Find the line that contains "Criminosos invadem correspondente". Copy it and every line after it to the end of the material below, exactly, with no pictures.

───── DATASET EXCERPT

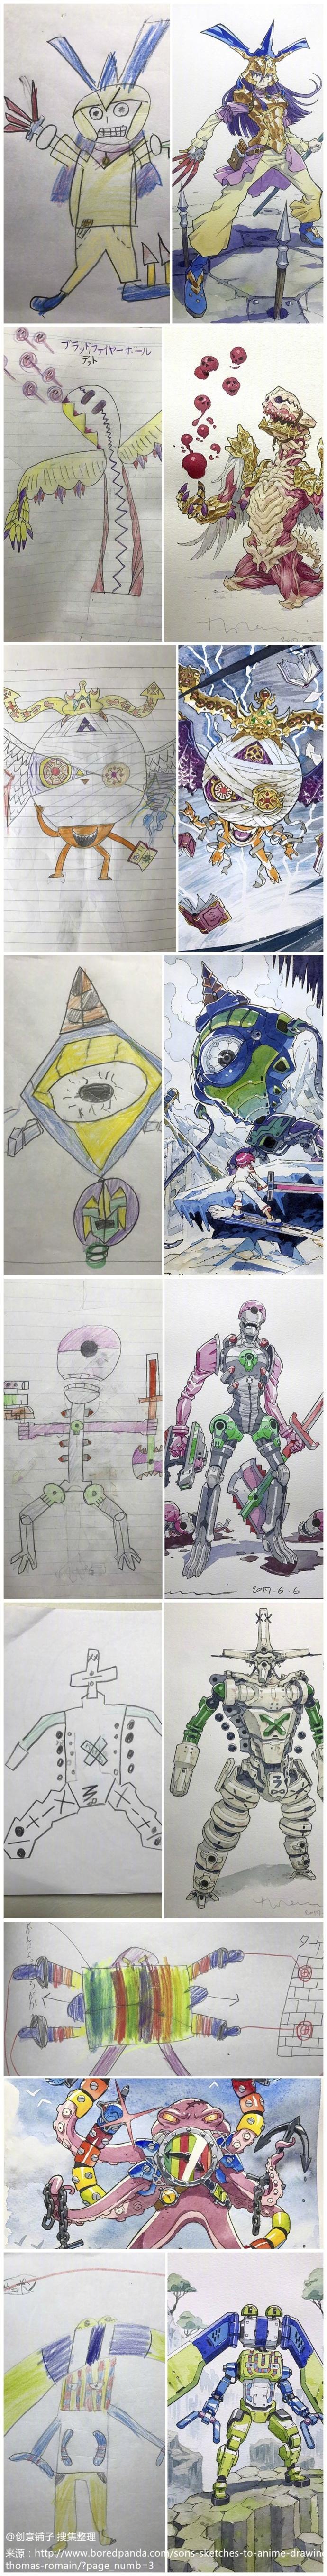 超酷炫的创意手绘卡通画
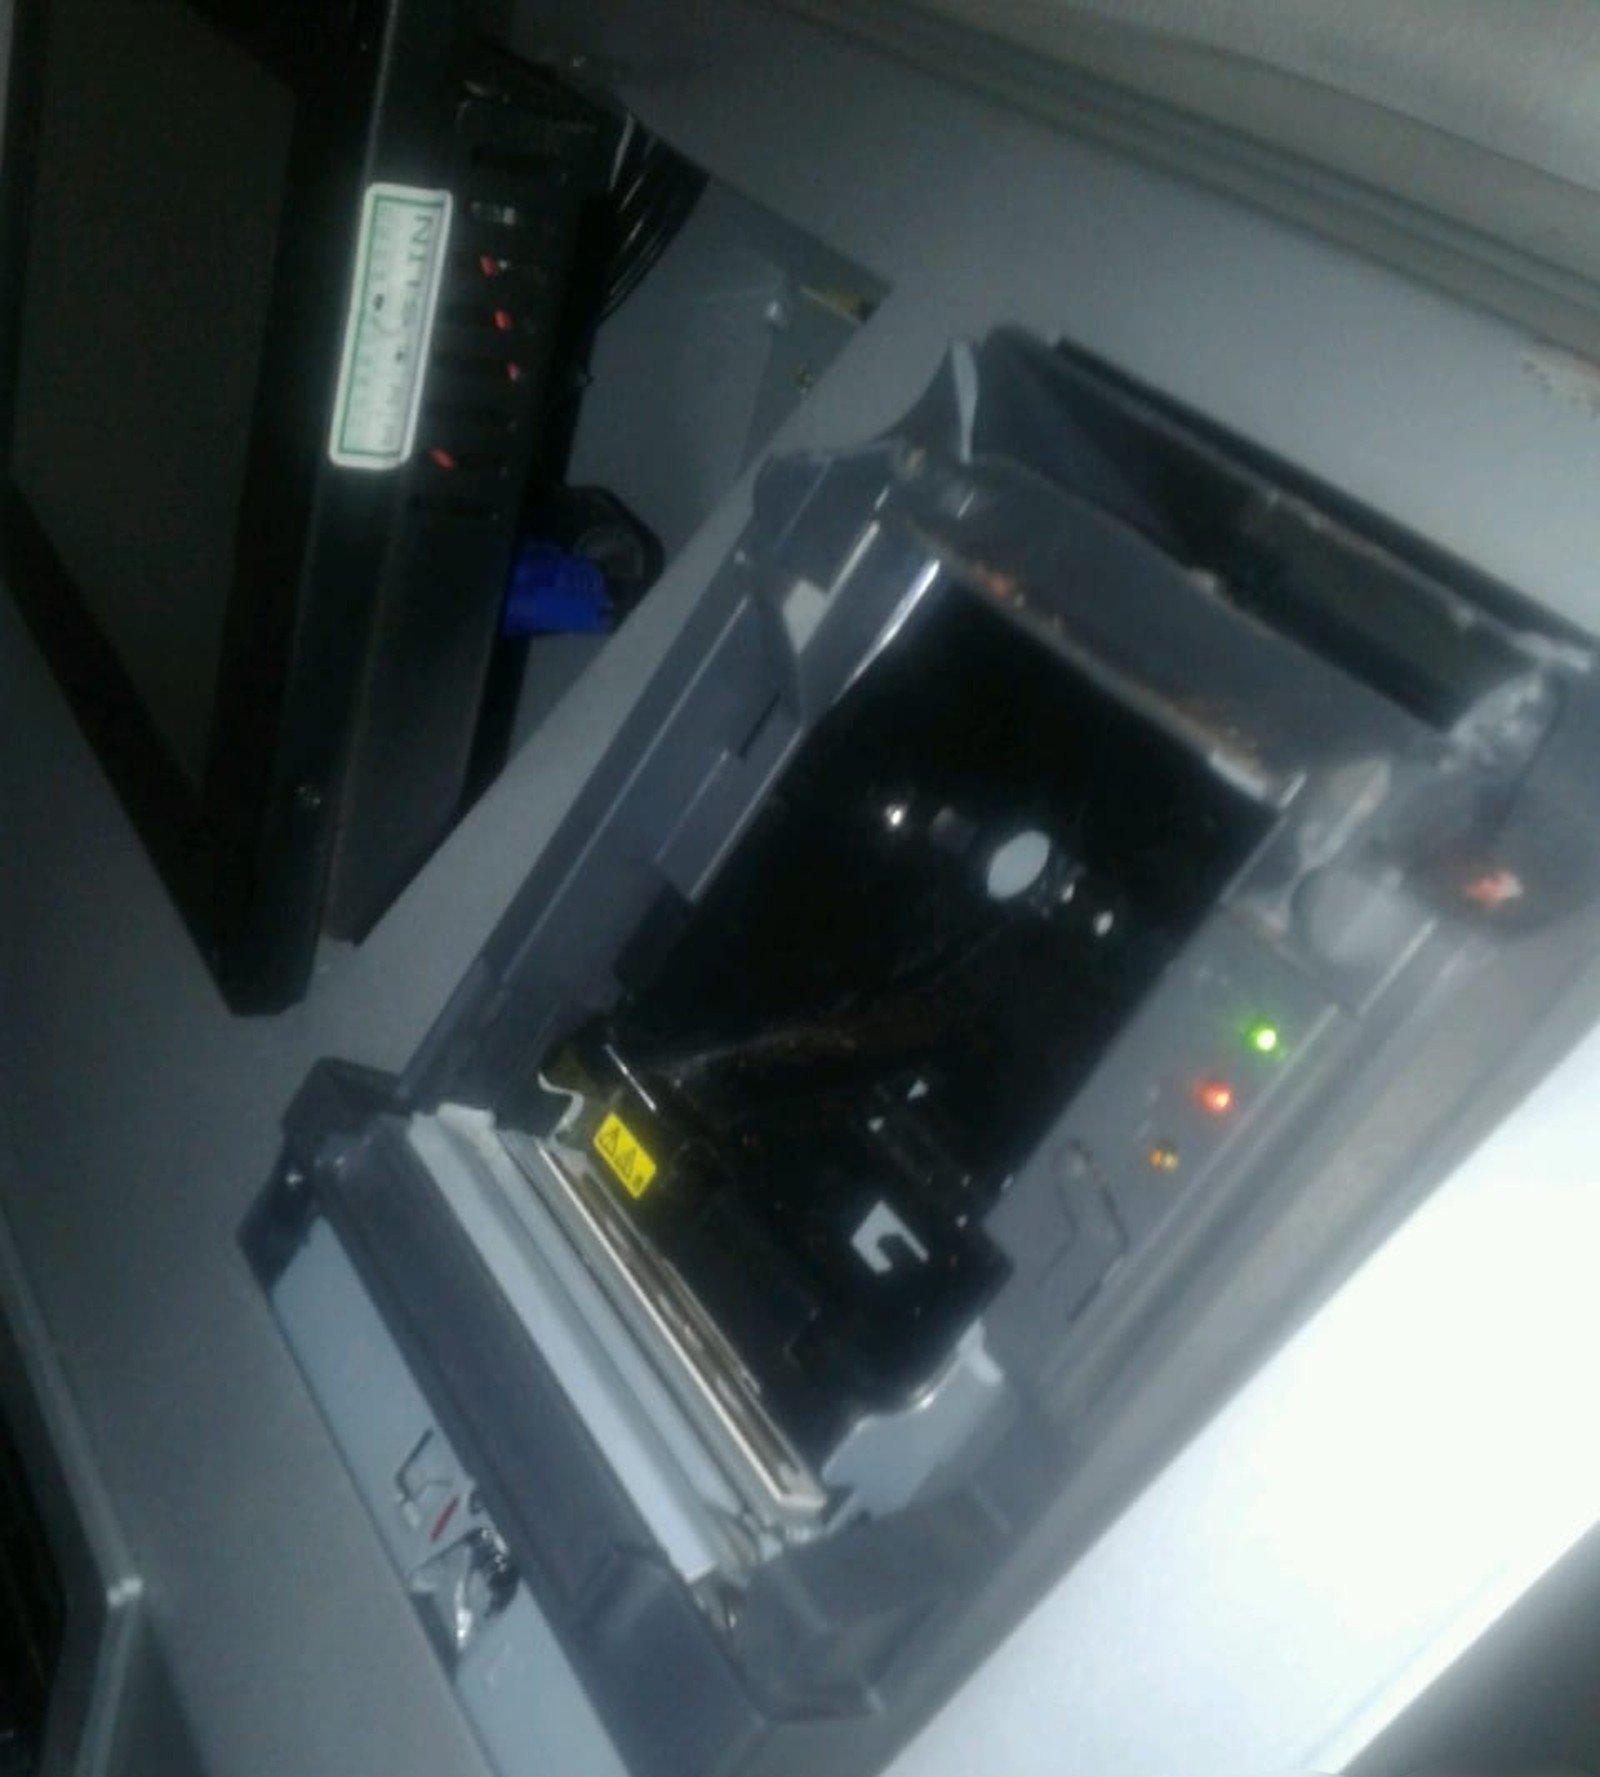 Criminosos invadem correspondente de banco em MT, roubam R$ 750 e fogem após alarme disparar
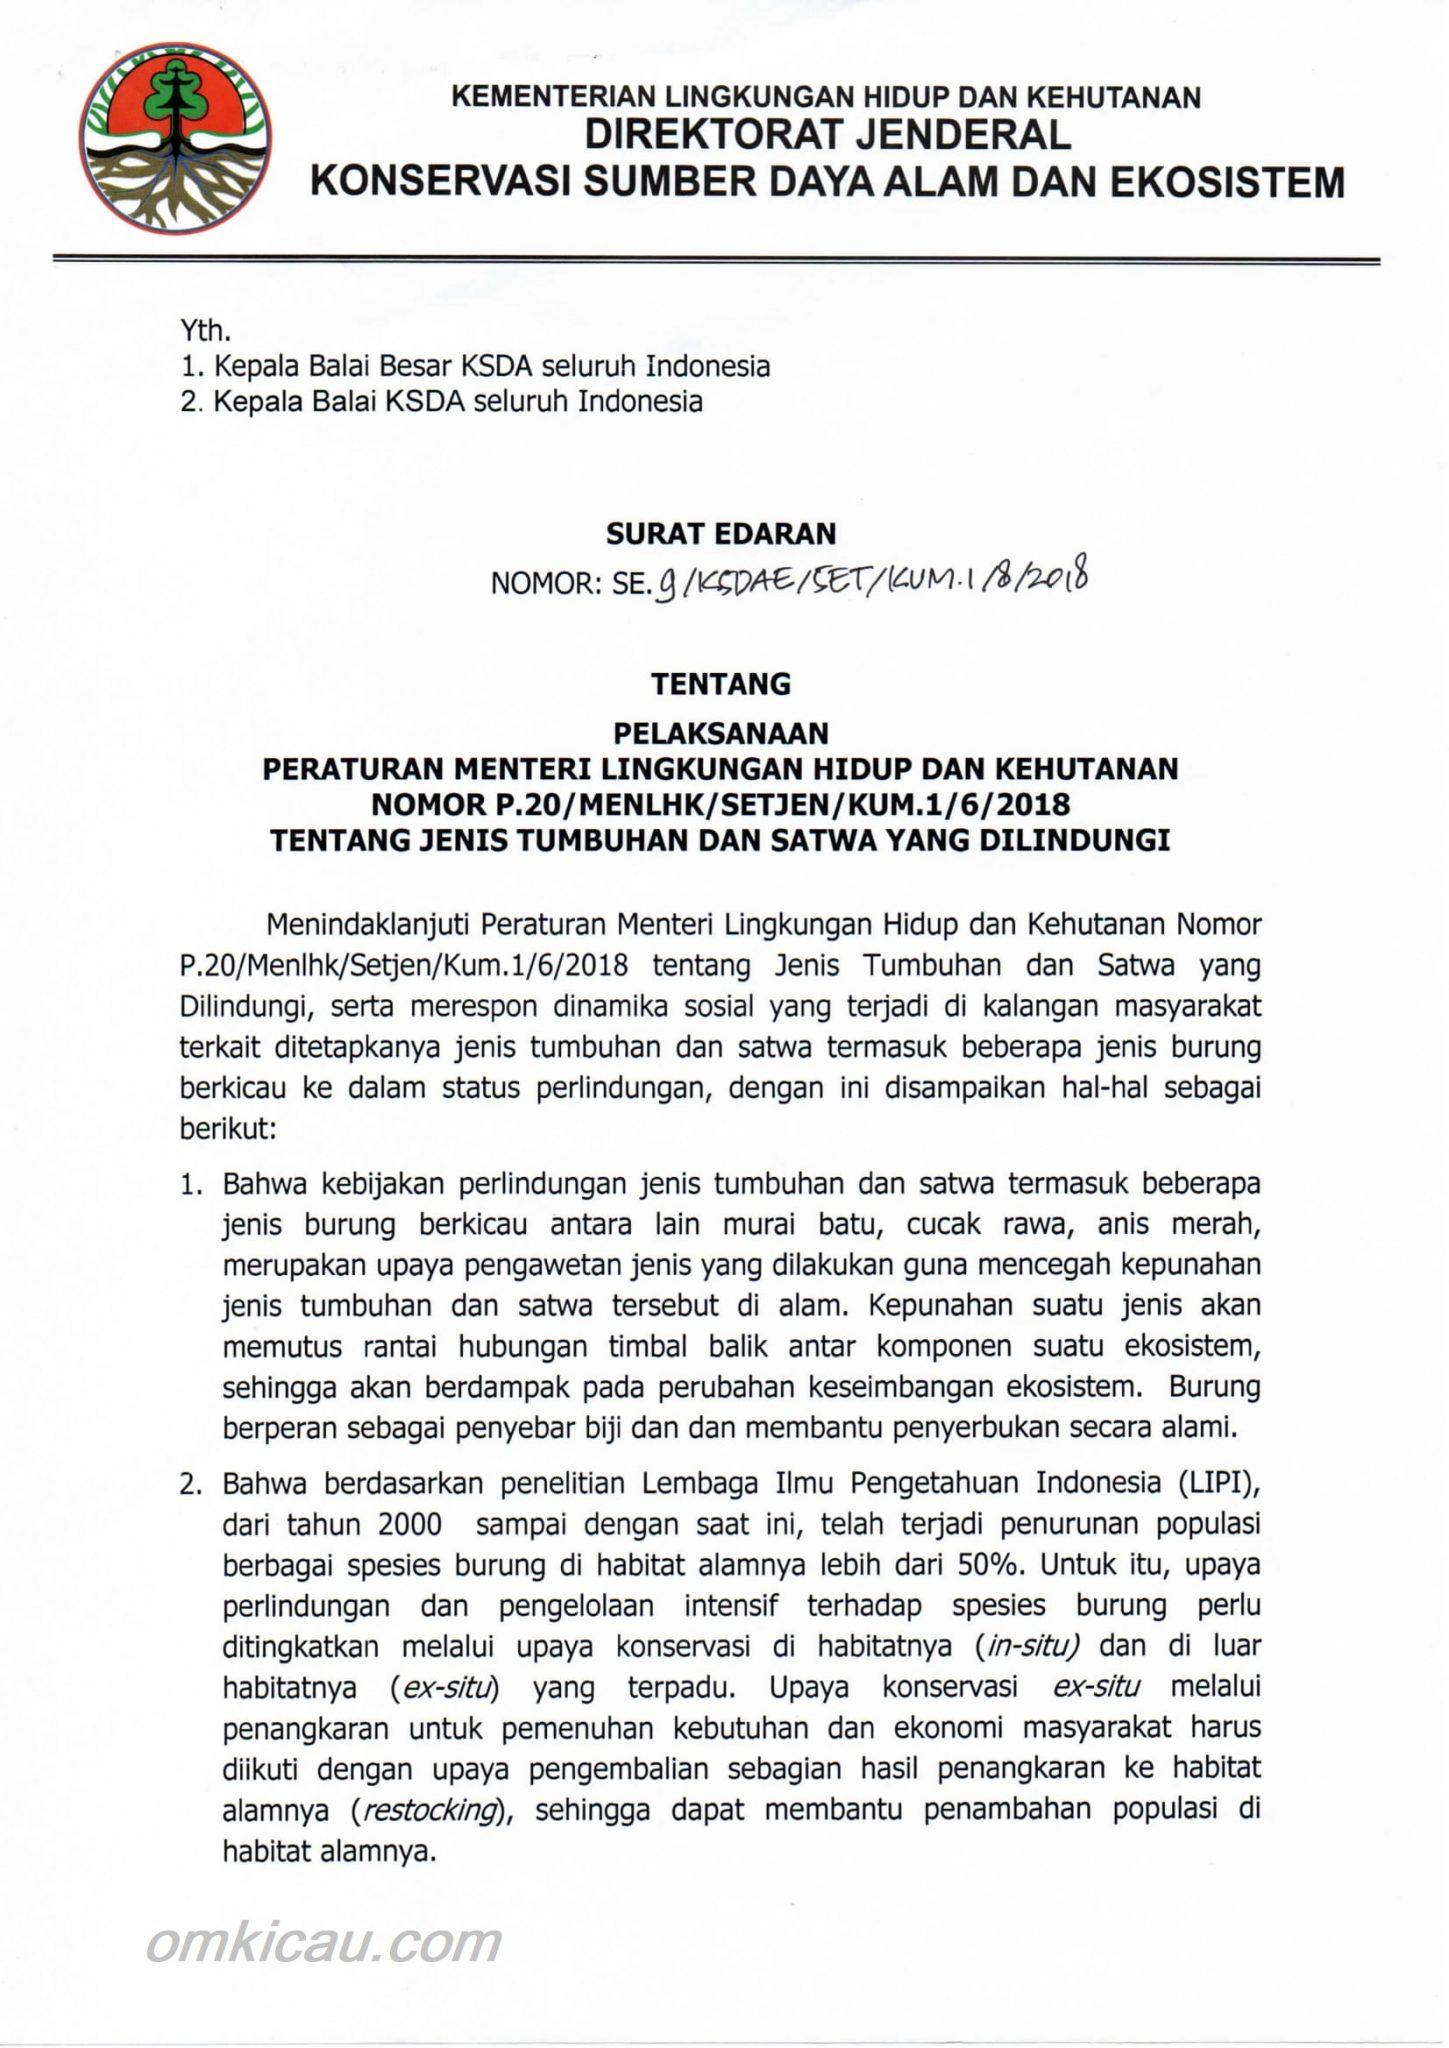 Dirjen keluarkan Surat Edaran Pelaksanaan Permen LHK No. 20/2018
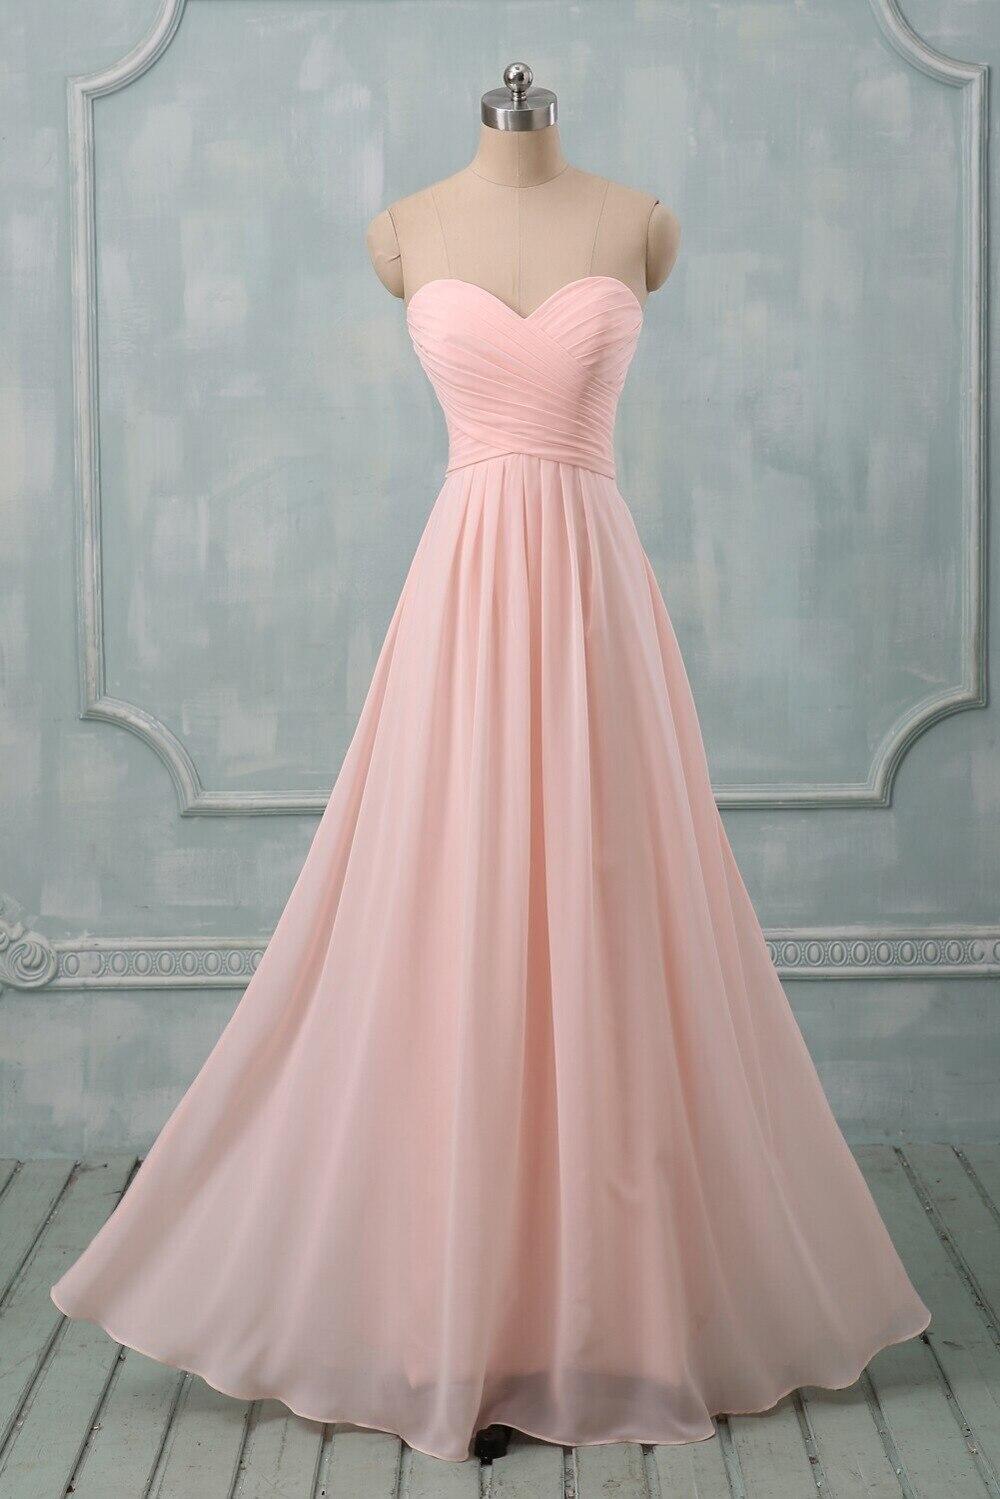 Ücretsiz Kargo Gelinlik Modelleri Uzun Düğün Parti Elbise A-Line - Düğün Abiye - Fotoğraf 3

──────────

- _ANSWER_:
 Criminosos invadem correspondente de banco em MT, roubam R$ 750 e fogem após alarme disparar
 Dirjen keluarkan Surat Edaran Pelaksanaan Permen LHK No. 20/2018
 Ücretsiz Kargo Gelinlik Modelleri Uzun Düğün Parti Elbise A-Line - Düğün Abiye - Fotoğraf 3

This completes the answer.